In the following description, the terms “upper” and “lower” refer, in principle, to the vertical direction in FIG.

More specifically, the first mounting member 12 has a substantially disk shape, and a circular rod-shaped holding member 18 is fixed to a central portion of the first mounting member 12 so as to protrude downward in the axial direction. I have. Then, with respect to the lower end portion of the holding bracket 18,
An umbrella fitting 20 having a substantially hat shape and extending in a direction perpendicular to the axis is fixed by bolts. Further, a first mounting bolt 22 that penetrates through the first mounting bracket 12 and protrudes upward is integrally formed at an upper end portion of the holding bracket 18. The mounting bracket 12 is fixedly mounted on a power unit (not shown).

In the second mounting member 14, a cylindrical metal member 24 having a large diameter and a substantially cylindrical shape and a bottom metal member 28 having a bottomed cylindrical shape are axially overlapped with each other and connected on the same axis. It has a substantially cylindrical shape with a deep bottom as a whole. In this case, the cylindrical metal fitting 24 has a tapered portion 30 whose diameter is increased upward at the upper end in the axial direction, and the lower end portion in the axial direction has a slightly larger diameter with a stepped shape. 32. The bottom fitting 28 has a flange 34 extending radially outward at the periphery of the opening, and a second mounting bolt 36 protruding downward through the center portion on the bottom wall. , 36 are fixedly mounted, and the second mounting bracket 14 is fixedly mounted to a body (not shown) by the second mounting bolts 36, 36. Then, the caulking portion 32 of the tubular metal fitting 24 is fixed to the flange 34 of the bottom fitting 28 by caulking, and the two fittings 24 and 28 are fixedly connected to each other, so that a deep bottomed bottomed cylinder as a whole is obtained. A second mounting fitting 14 having a shape is formed.

The first mounting member 12 is arranged at a predetermined distance in the opening direction of the second mounting member 14, and a holding member 18 fixed to the first mounting member 12 is provided.
It is inserted in the axial direction from the opening of the second mounting member 14. Further, the main rubber elastic body 16 is interposed between the opposing surfaces of the first mounting member 12 and the second mounting member 14 which are arranged to face each other in the axial direction. The main body rubber elastic body 16
It has a substantially truncated conical shape as a whole, and the first mounting bracket 12 is provided on the small-diameter side end surface, and the tapered portion 30 of the second mounting bracket 14 (cylindrical metal fitting 24) is provided on the large-diameter end peripheral surface. It has been vulcanized. As a result, the axially upper opening of the cylindrical metal member 24 constituting the second mounting member 14 is closed by the main rubber elastic body 16 in a fluid-tight manner. In addition, holding bracket 1
Reference numeral 8 denotes a position in which the umbrella fitting 20 supported by the holding fitting 18 extends in the direction perpendicular to the axis within the upper cylindrical fitting 24, penetrating on the central axis of the main rubber elastic body 16 and protruding from the large-diameter end face. It has been impatient.

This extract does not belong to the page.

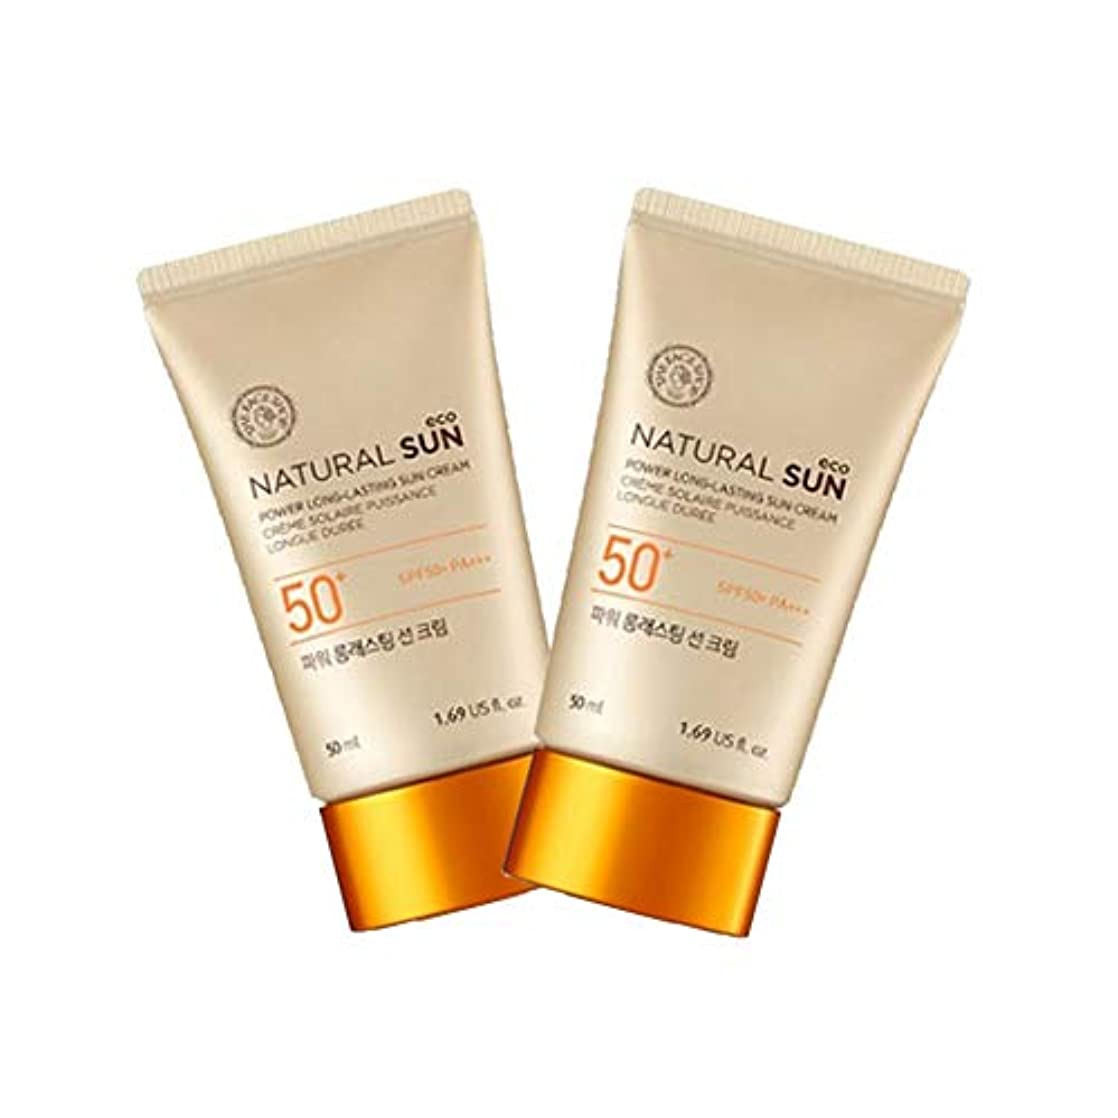 タイプライター空港古くなったザ?フェイスショップナチュラルサンエコパワーロングラスティングサンクリーム50mlx2本セット韓国コスメ、The Face Shop Natural Sun Eco Power Long Lasting Sun Cream 50ml x 2ea Set Korean Cosmetics [並行輸入品]

Further, inside the second mounting bracket 14,
A partition member 40 having a thick disk shape as a whole and a diaphragm 42 as a flexible film made of a rubber elastic film having a thin disk shape are accommodated in the axial direction so as to overlap each other. These partition member 40 and diaphragm 4
2 is located at an axially intermediate portion of the second mounting bracket 14 by inserting each outer peripheral edge into the caulking section 32 of the tubular metal fitting 24 and caulking with the flange 34 of the bottom fitting 28. And is fixedly attached to the second mounting bracket 14 in a state of spreading in a direction perpendicular to the axis. In addition,
A ring fitting 44 is vulcanized and bonded to the outer peripheral edge of the diaphragm 42, and the ring fitting 44 is
Is press-fitted into the cylindrical fitting 24, which constitutes the second mounting fitting 14, so that the lower opening in the axial direction is
2 and is closed in a fluid-tight manner, and the holding force of the second mounting member 14 is advantageously exerted.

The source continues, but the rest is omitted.